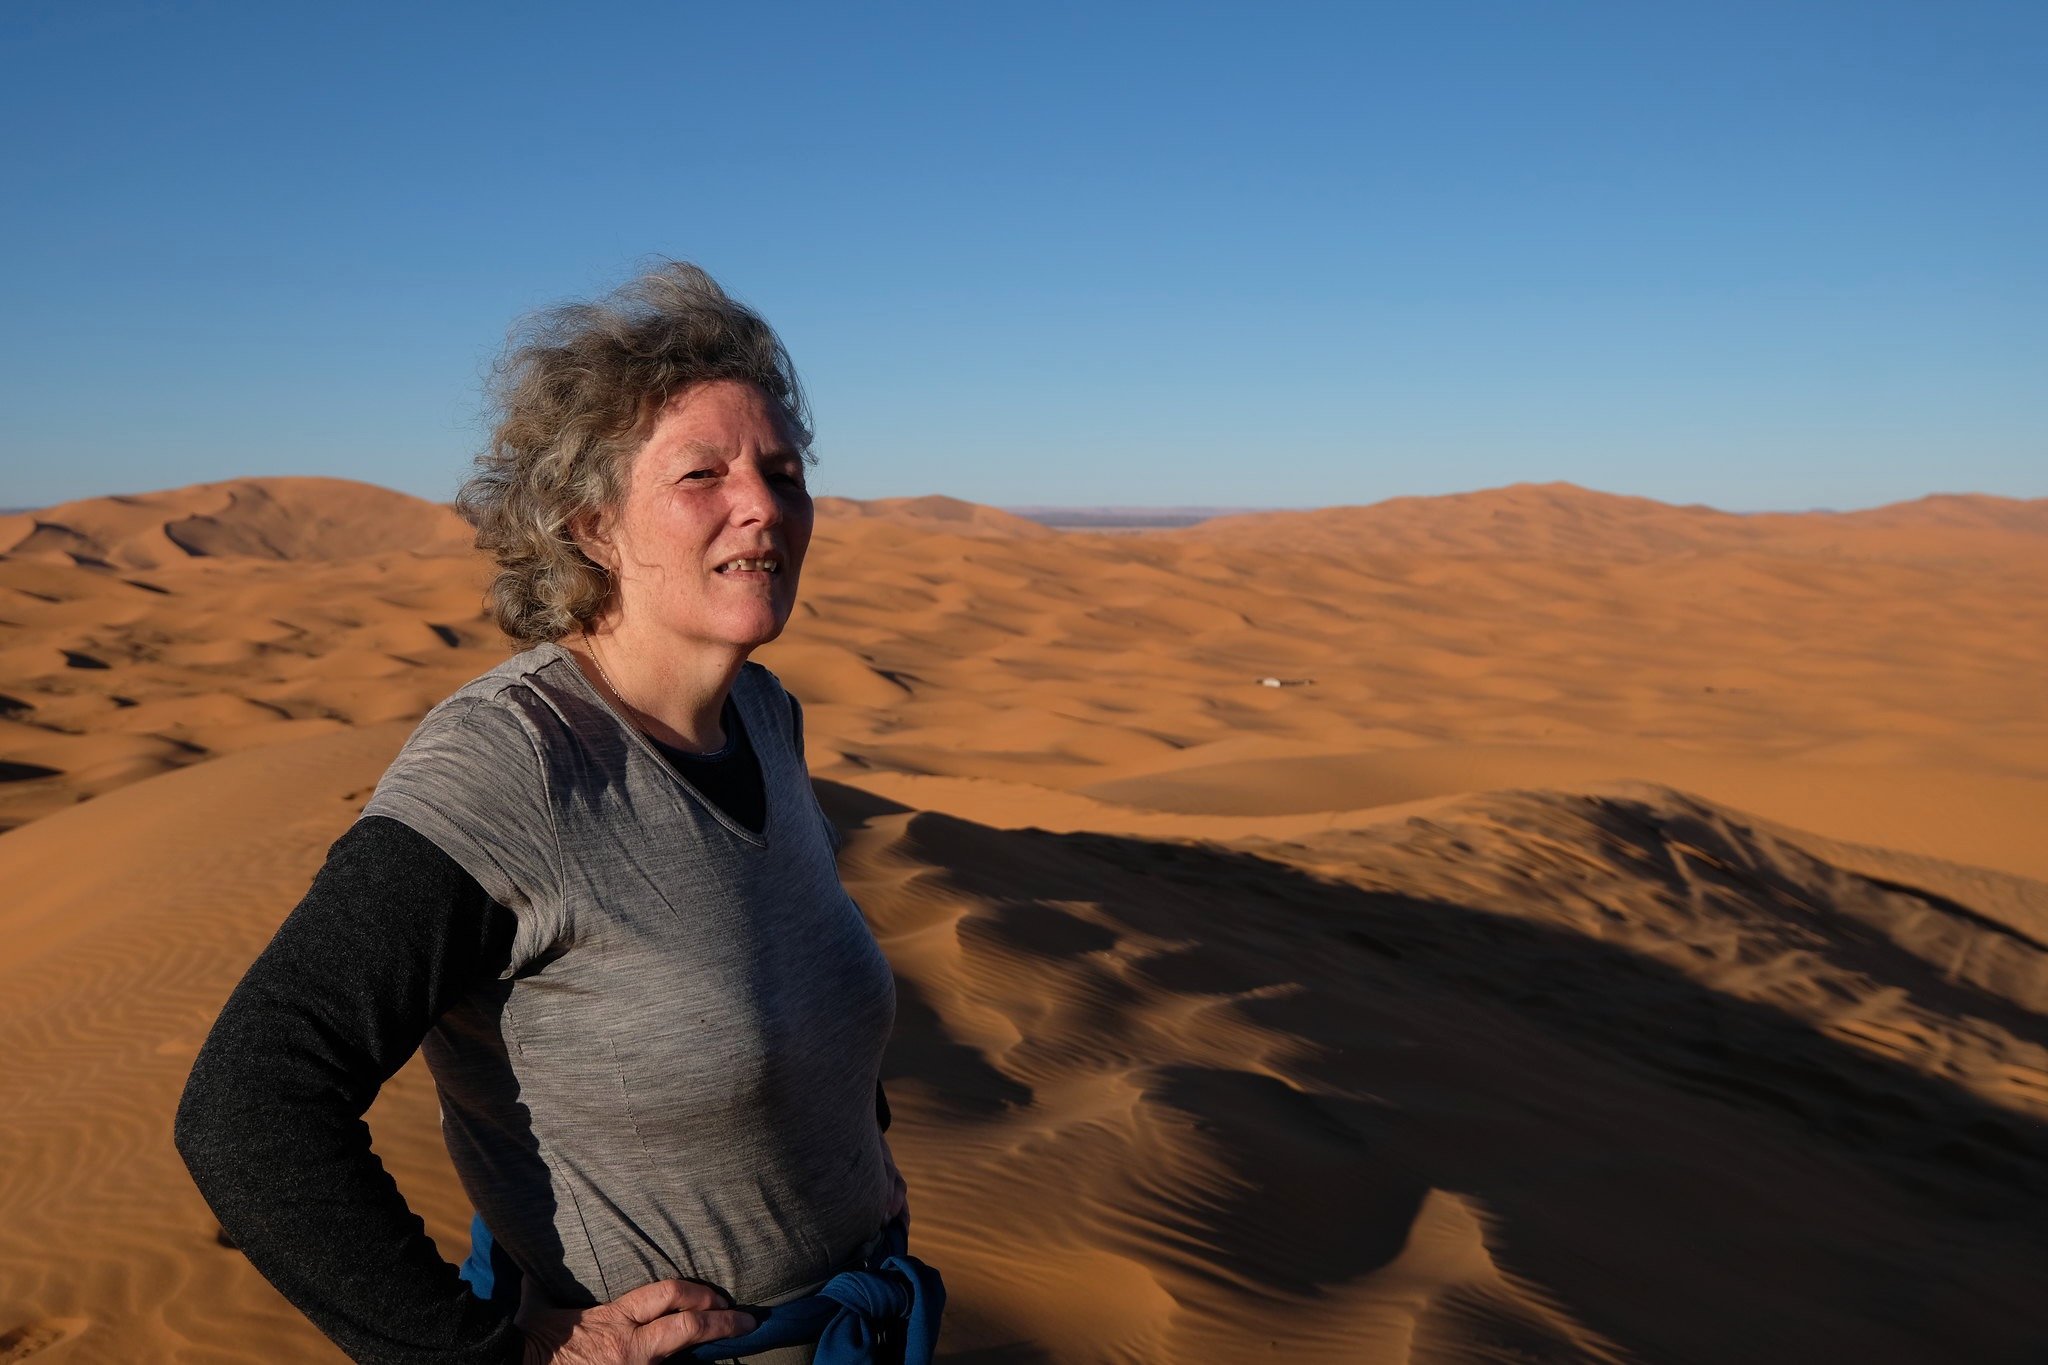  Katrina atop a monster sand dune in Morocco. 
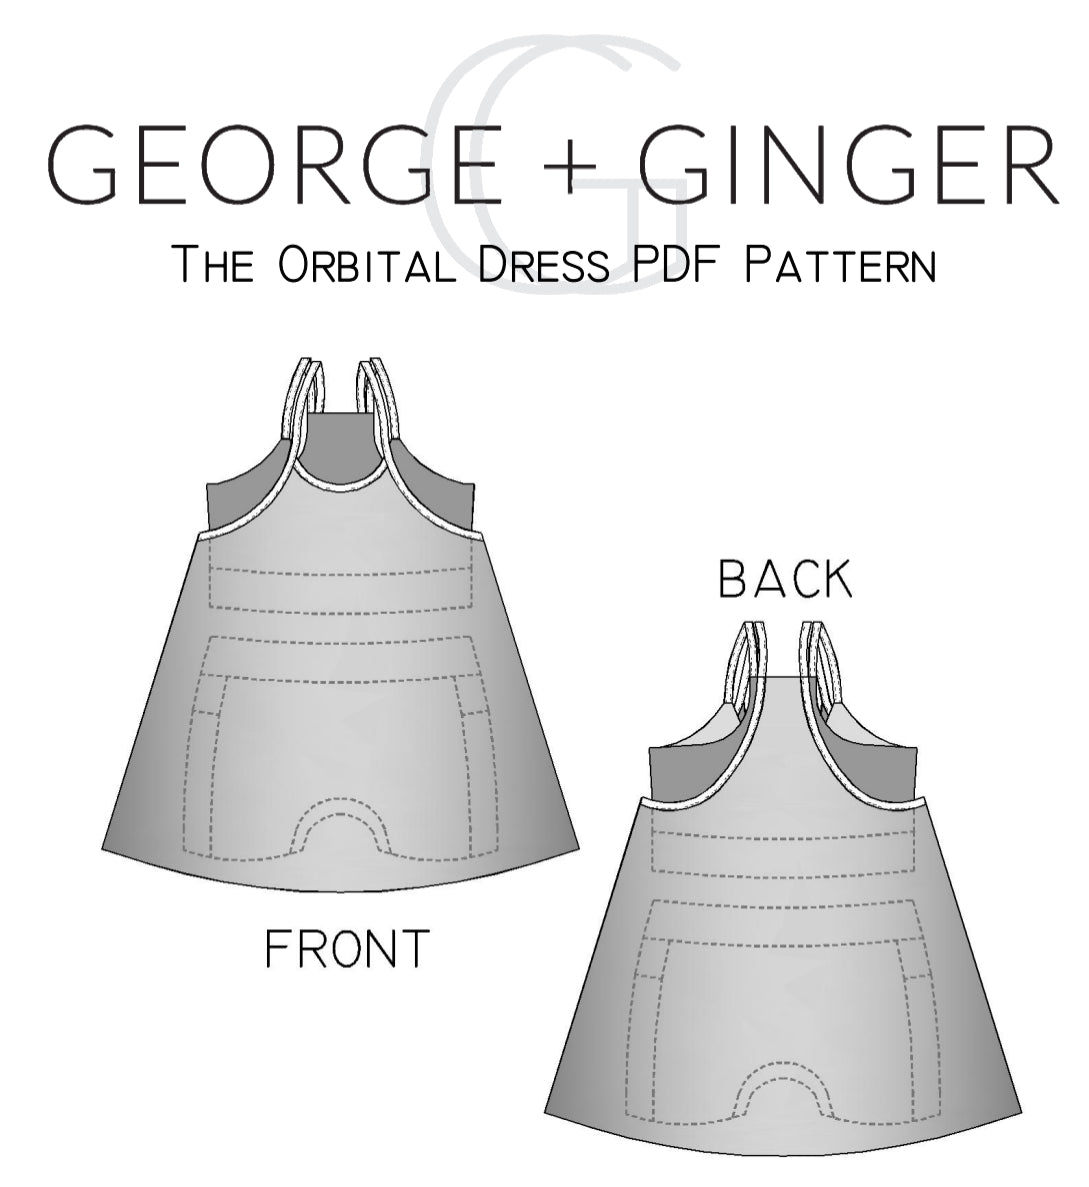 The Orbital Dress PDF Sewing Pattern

--

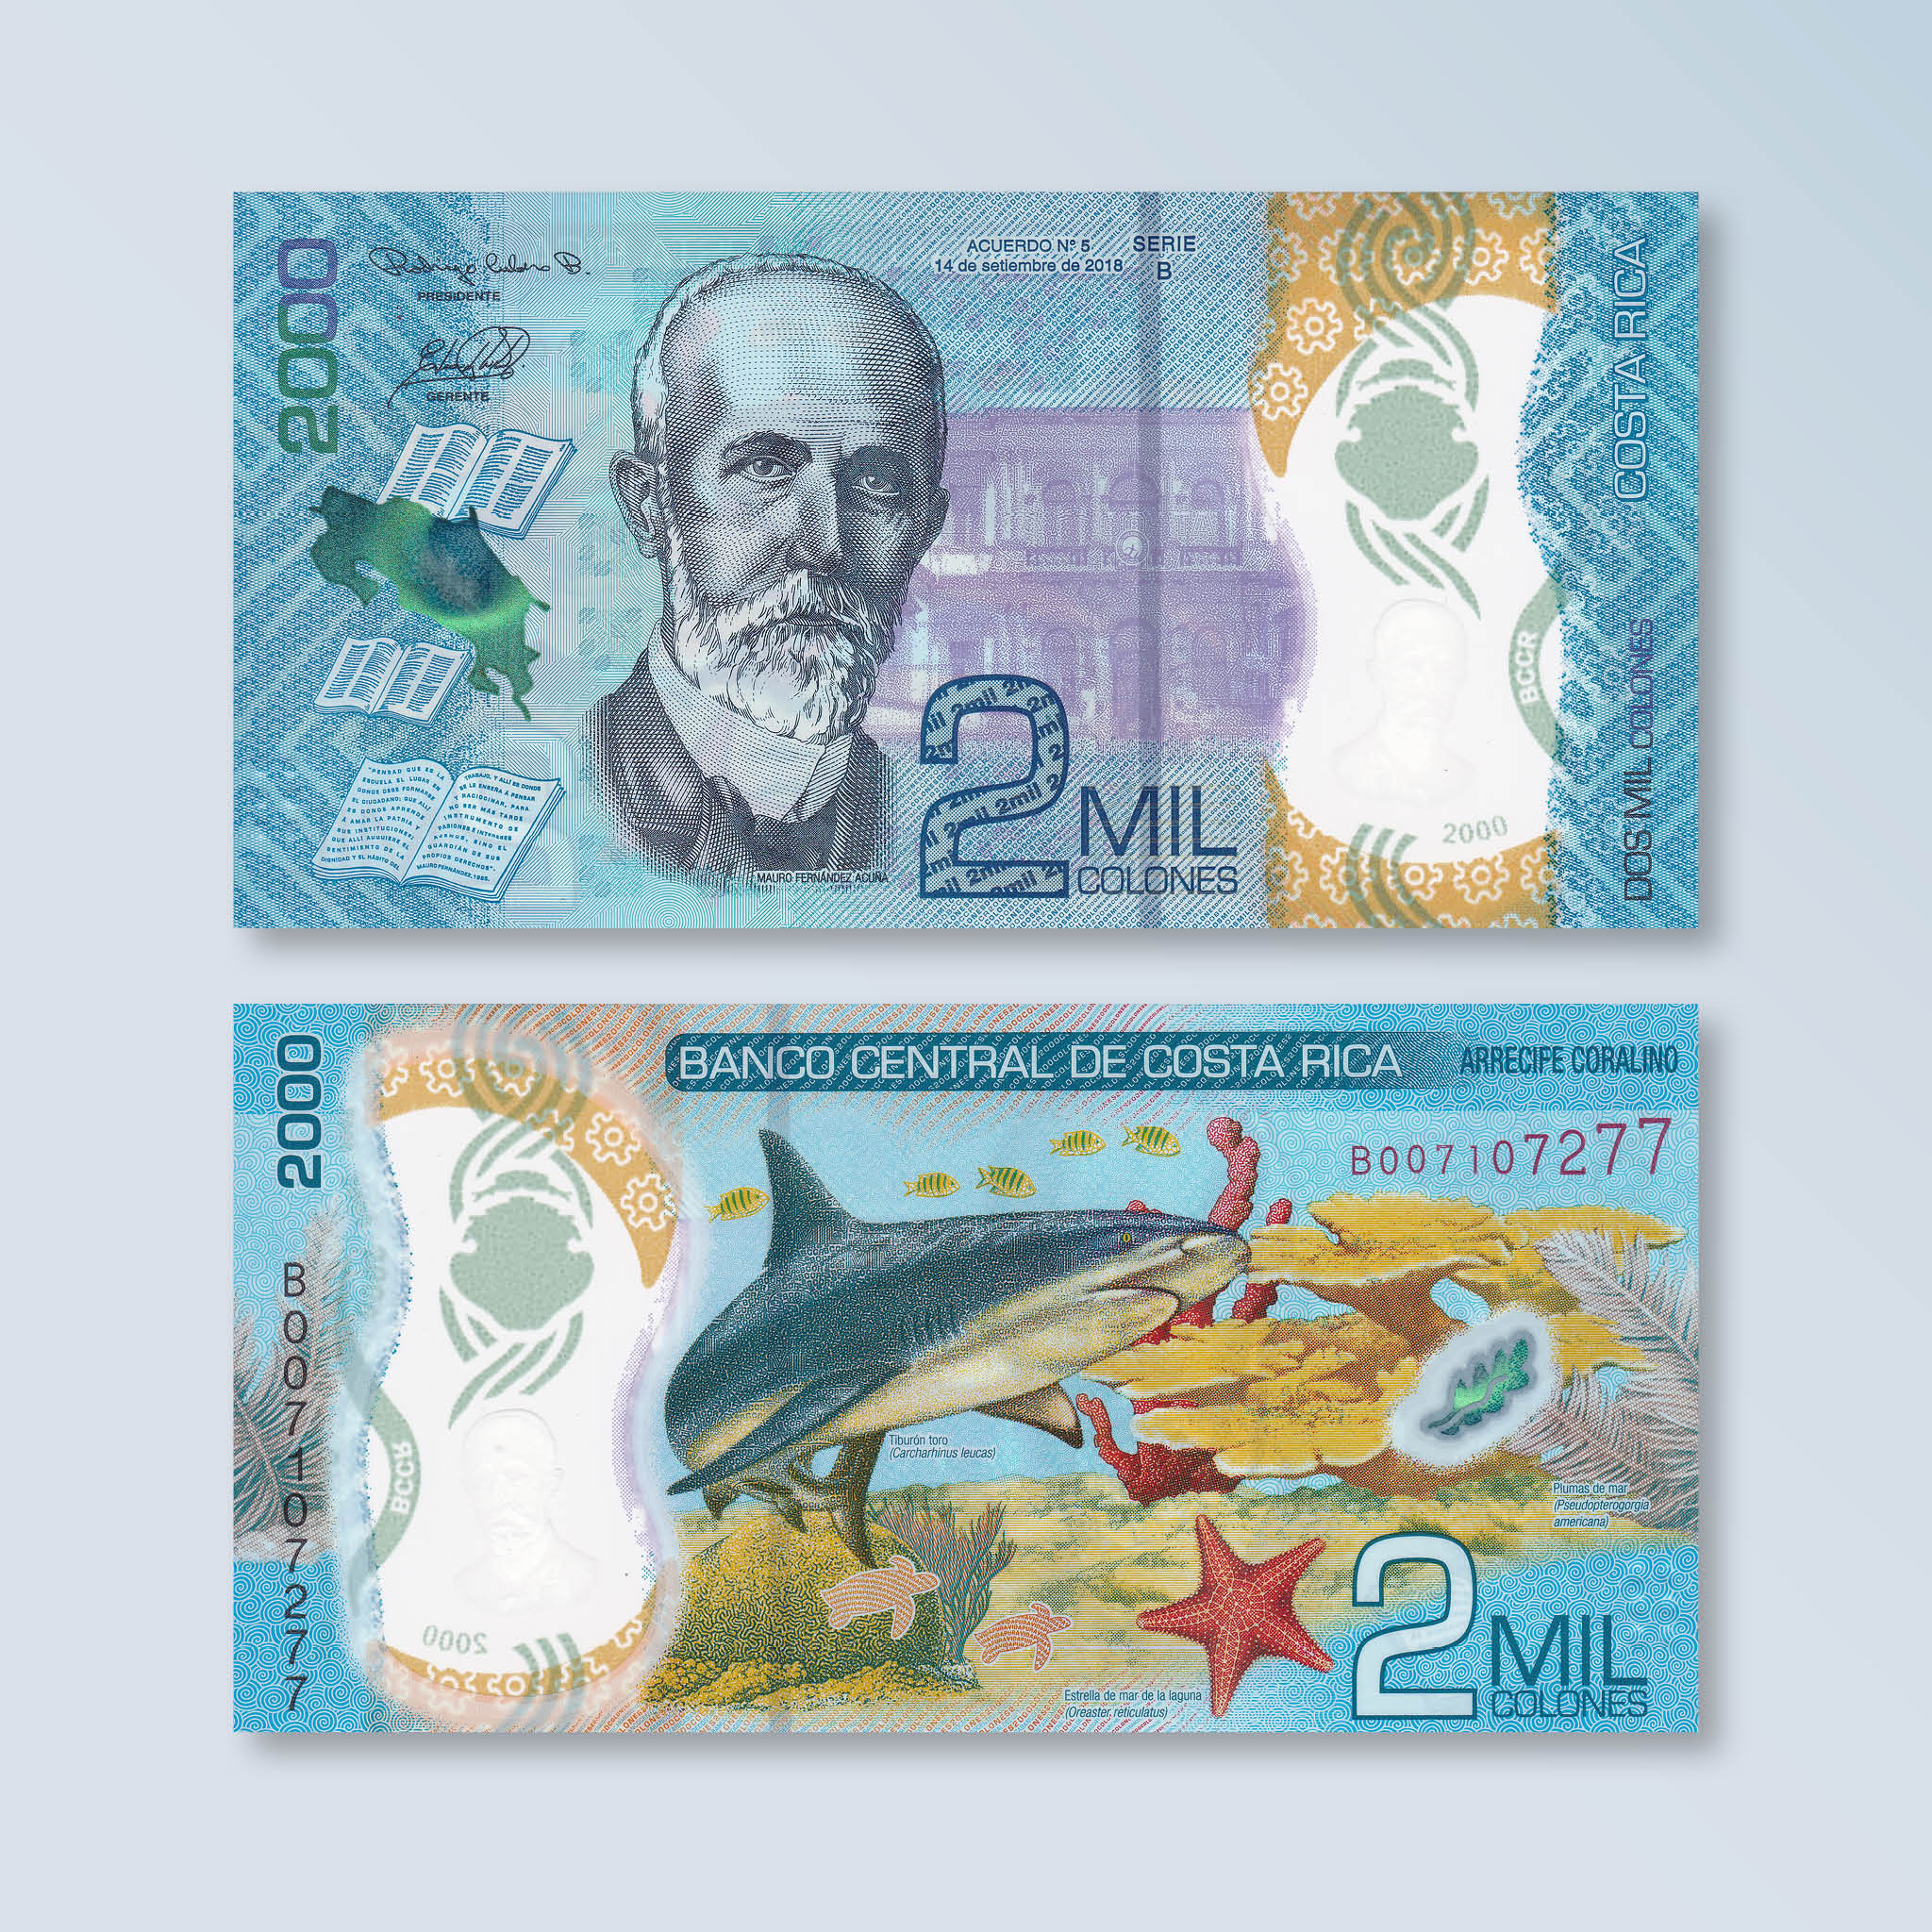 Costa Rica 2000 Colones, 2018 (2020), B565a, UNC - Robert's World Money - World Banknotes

Problem to solve:
From the listing above, restate verbatim the lines running from the one with "Katrina atop a" through the one with "The Orbital Dress PDF Sewing Pattern", inclusive, but not the pictures.

Reply:
  Katrina atop a monster sand dune in Morocco. 
 The Orbital Dress PDF Sewing Pattern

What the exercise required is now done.